6 If you are attending an art show, do not let your kids run helter skelter through the exhibits. If you do, at best the organizer will return them to you with a stern warning. At worst, your youngest will come screaming to you with a ransom note demanding payment before the release of the others. (A bit costly for a few minutes entertainment. Wouldn’t you say?)

5 If you are attending an art show, do not pick up objects to see how they feel. If you do, at best you’ll be lucky and not drop one. At worst, that eagle feather that looked so light will turn out to be made of concrete that unfortunately broke in two as it took out the mirror covered table. (A two-finger lift was not the best way.)

4 If you are attending an art show, do not try to impress the artist if you know nothing about art. If you do, at best you will confirm you know nothing. At worst, the artist will kindly listen and then call upon the local shaman to strike you mute. (Was fun listening to yourself talk until you couldn’t any more right?)

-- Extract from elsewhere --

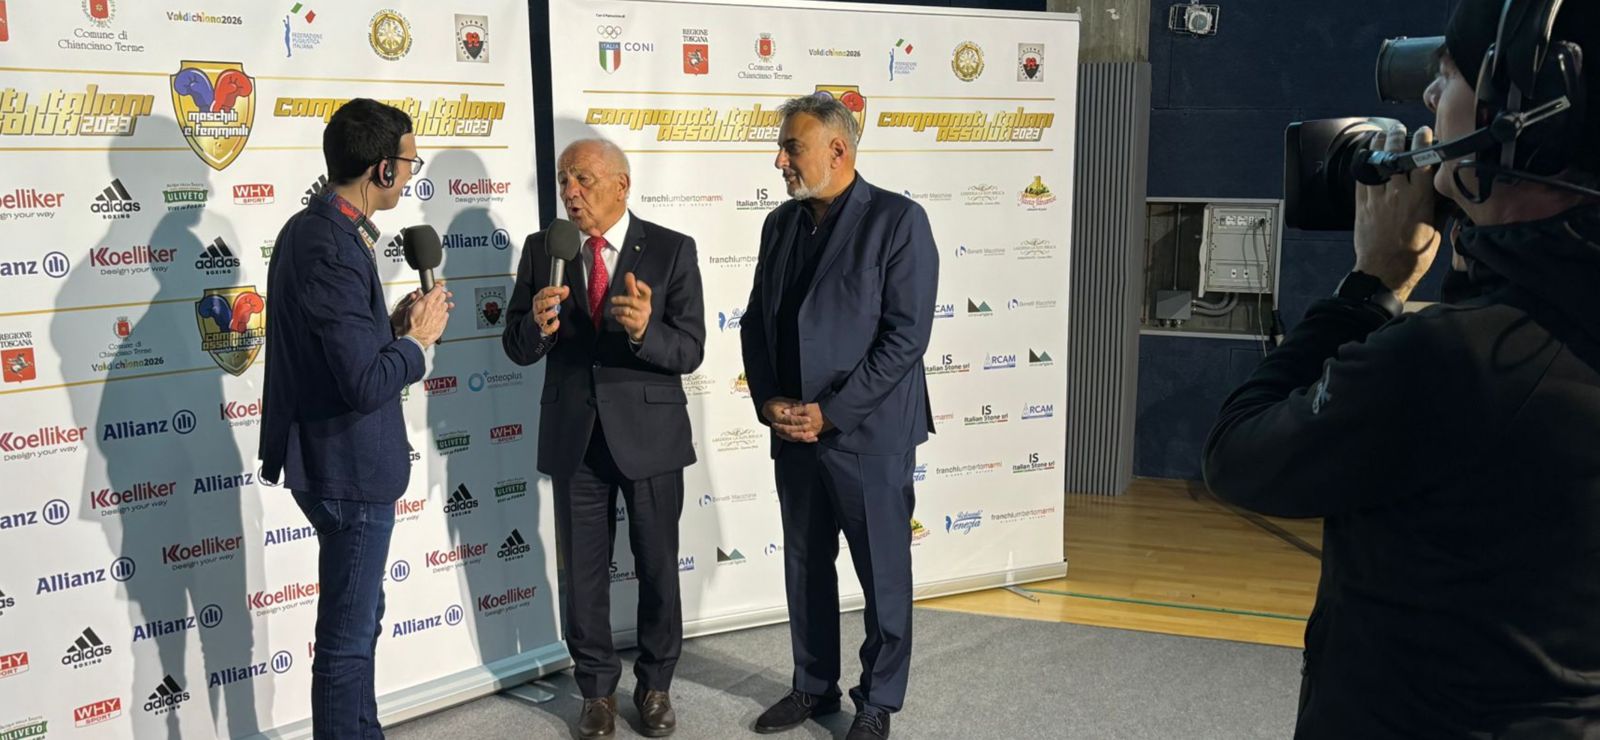 The IBA R&J course in Italy at the National Boxing Championships is over

3 If you are attending an art show, do not eat anything while touring the booths. If you do, at best most of the artists will warn you away. At worst, you could be the proud owner of an unusual weaving kissed with Philly Cheesesteak juice. (Wasn’t your fist choice was it?)

2 If you are attending an art show, do not try to barter your books for a piece of art of your choice. If you do, at best the artist will say they have already read your book. At worst, the artist will flip through your book and hand it back. (You didn’t need to hear that they don’t ever read your genre.)

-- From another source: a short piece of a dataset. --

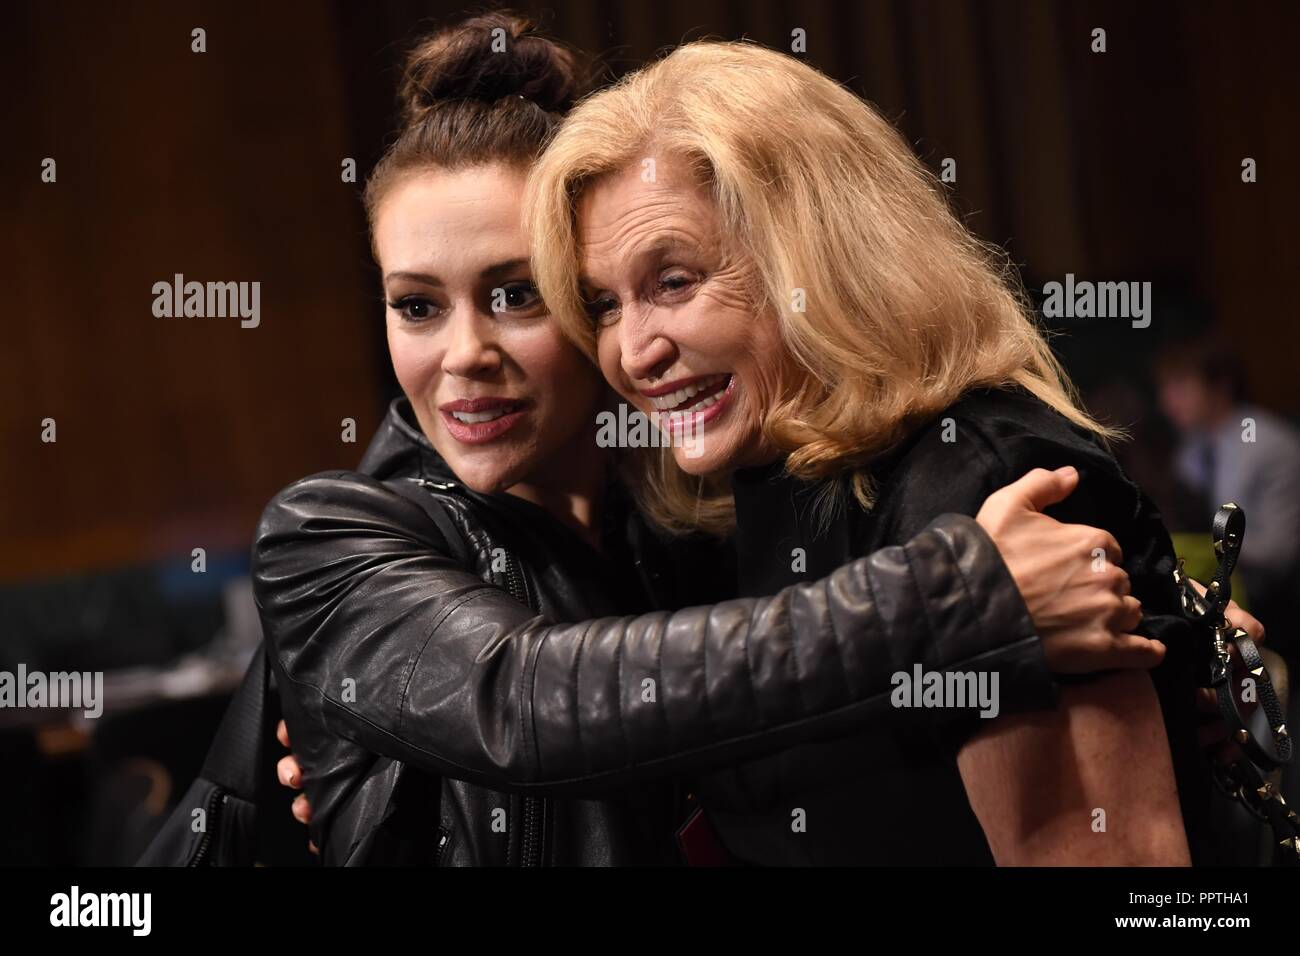 United States. 27th Sep, 2018. Actress Alyssa Milano, left, hugs Rep. Carolyn Maloney, D-N.Y., in the hearing room before the start of Dr. Christine Blasey Ford's appearance in the Senate Judiciary Committee to testify on the nomination of Brett M. Kavanaugh to be an associate justice of the Supreme Court of the United States. Credit: Pool Via Cnp/Media Punch/Alamy Live News Stock Photo

1 If you are attending an art show, do not think your purchase has a money back guarantee. If you do, at best you will be embarrassed when you try to bring it back. At worst, the artist will be insulted that you didn’t want to keep the precious item. (That lawyer they hired just won’t go away darn it.)

 

20 comments

  1. #10 Reminded me of the statue from last week. So I’m already giggling.
    Have a marvelous Monday, John. Mega hugs.

    1. Yes. Number ten is like that, Teagan. Glad you could giggle. Magnificent Monday wish to you.

  2. #8 reminds me of those articles and pictures about trash or random items being left in a gallery. People stop to look at them as if they’re exhibits. Guess it’s all in the presentation when it comes to art.

    1. Ha ha ha. I can imagine someone looking at a half filled glass of wine as an installation.

      1. It is a statement on optimism and pessimism. At least until the owner comes back from the bathroom and finishes it.

      2. Ha ha ha. Good one.

  3. Another great list John – Having raised a daughter who graduated with a BFA, I’m familiar with art shows and many of these items, John. From the other side of the equation, the having an art show side, I’d offer “don’t agree to buy all the alcohol and get reimbursed by the other artists / their parents” you didn’t need that money, did you 🙂

    1. Ha ha ha. That’s like buying lunch at a horse show. The money never changes hands. Thanks, Dan

  4. Interesting how many art shows will have wine and cheese receptions given, as your lists suggests, how easy it would be for people to muck it up 😉 Good one, John! Happy Monday!

    1. Thanks, Marie. 😀

  5. A concrete feather sounds pretty artsy – but why make it if people aren’t allowed to get the full experience for themselves? 😛

    1. Ask the artist. You have to be there I guess.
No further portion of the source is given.